Note: we used Prometheus service account token for authentication. Replace "amp-iamproxy-ingest-service-account" and "prometheus" with your actual Prometheus service account and namespace.
- Verify targets appear in Prometheus UI
kubectl port-forward svc/prometheus-operated -n prometheus 9090:9090
# paste the following url to a web browser, then search the metrics by a prefix scheduler_
http://localhost:9090/query
Validate the custom scheduler¶
- Step1: Launch the node viewer in a terminal:
eks-node-viewer --resources cpu,memory
- Step 2: Add the custom scheduler to an EMR on EKS job either via a Spark config or via Pod Templates. For exmaple:
sample-job.sh (last line)
aws emr-containers start-job-run \
--virtual-cluster-id $VIRTUAL_CLUSTER_ID \
--name test-custom-scheduler \
--execution-role-arn $EMR_ROLE_ARN \
--release-label emr-7.8.0-latest \
--job-driver '{
"sparkSubmitJobDriver": {
"entryPoint": "local:///usr/lib/spark/examples/jars/spark-examples.jar",
"entryPointArguments": ["1000000"],
"sparkSubmitParameters": "--class org.apache.spark.examples.SparkPi --conf spark.executor.instances=10" }}' \
--configuration-overrides '{
"applicationConfiguration": [
{
"classification": "spark-defaults",
"properties": {
"spark.kubernetes.scheduler.name": "my-scheduler" }}]}'
OR sample-pod-template.yaml (line #3)
kind: Pod
spec:
schedulerName: my-scheduler
volumes:
- name: spark-local-dir-1
emptyDir: {}
containers:
- name: spark-kubernetes-executor
volumeMounts:
- name: spark-local-dir-1
mountPath: /data1
readOnly: false
Step3: Monitor via eks-node-viewer
-Before apply the change in pod template:-
-After the change:-
- Higher resource usage per node at pod scheduling time
- Over 50% of cost reduction since Karpenter was terminating idle EC2 nodes at the same time
Consideration:
- At pod launch, the custom scheduler can optimize resource utilization by fitting as many pods as possible onto a single EC2 node. This approach minimizes pod distribution across multiple nodes, leading to higher resource utilization and improved cost efficiency.

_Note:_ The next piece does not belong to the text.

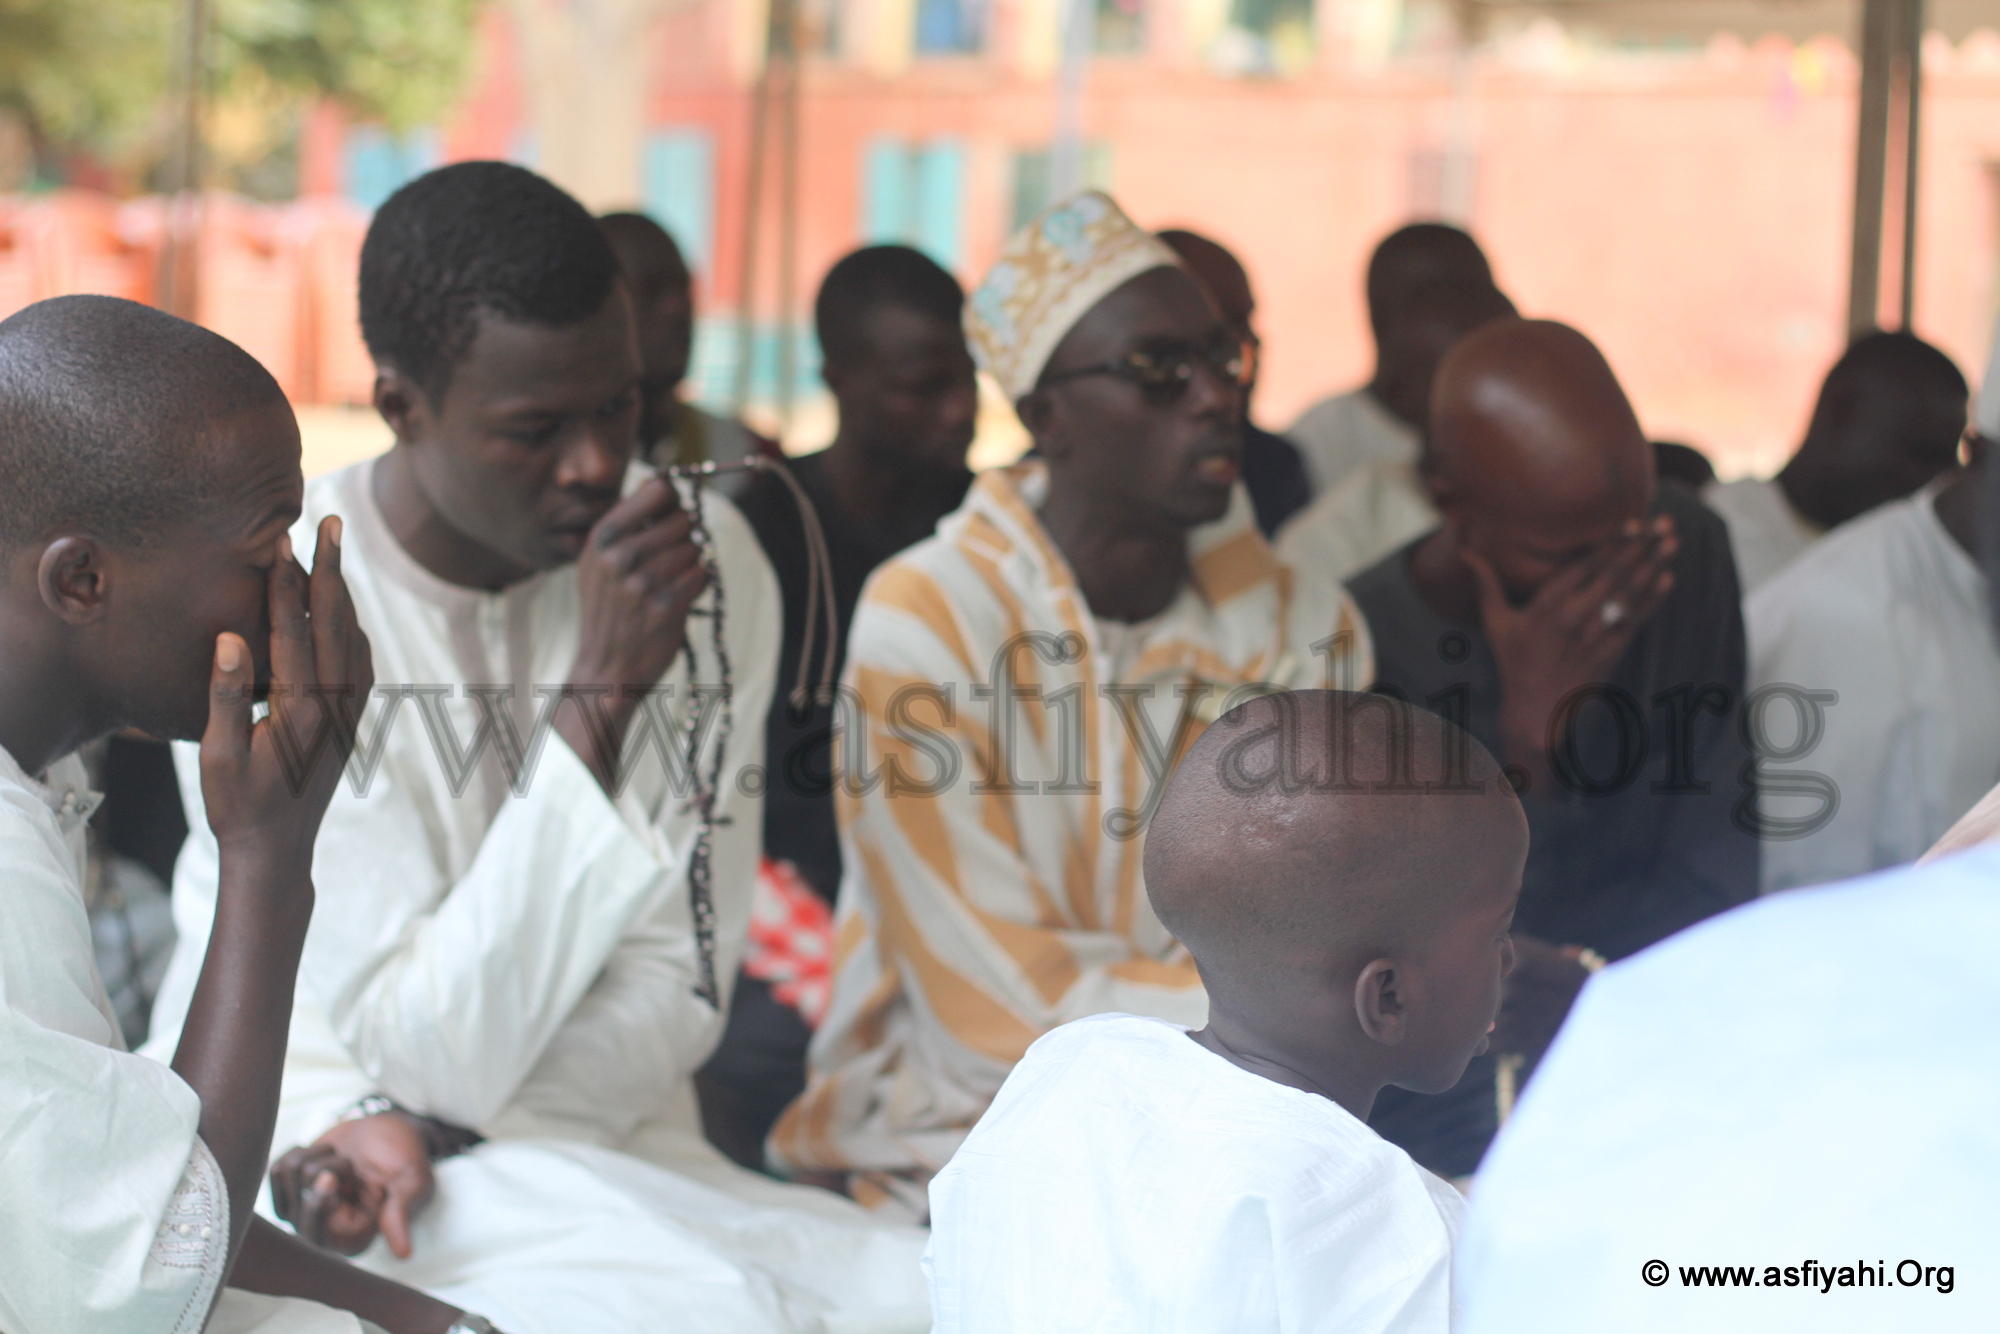 PHOTOS - Les Images de la Journée El Hadj Malick SY organisée sur l'île de Gorée ce Samedi 5 Décembre 2015 par le Diamiya des Jeunes Tidianes de Dakar Plateau , Gorée et environs

- Dynamic Resource Allocation (DRA) requires shuffle tracking to be enabled because Spark on Kubernetes does not yet support an external shuffle service. Consequently, we have observed that idle EC2 nodes sometimes fail to scale down due to the shuffle data tracking requirement. Using a Binpack scheduler can help reduce the likelihood of long-running idle nodes with leftover shuffle data, resulting a better DRA outcome.
- Karpenter’s consolidation policy remains essential for reducing underutilized or empty nodes. This is particularly beneficial for long-running jobs where pods are scattered across underutilized EC2 nodes.
- After implementing a custom scheduler for binpacking, it's recommended to adjust the consolidation frequency to be less aggressive.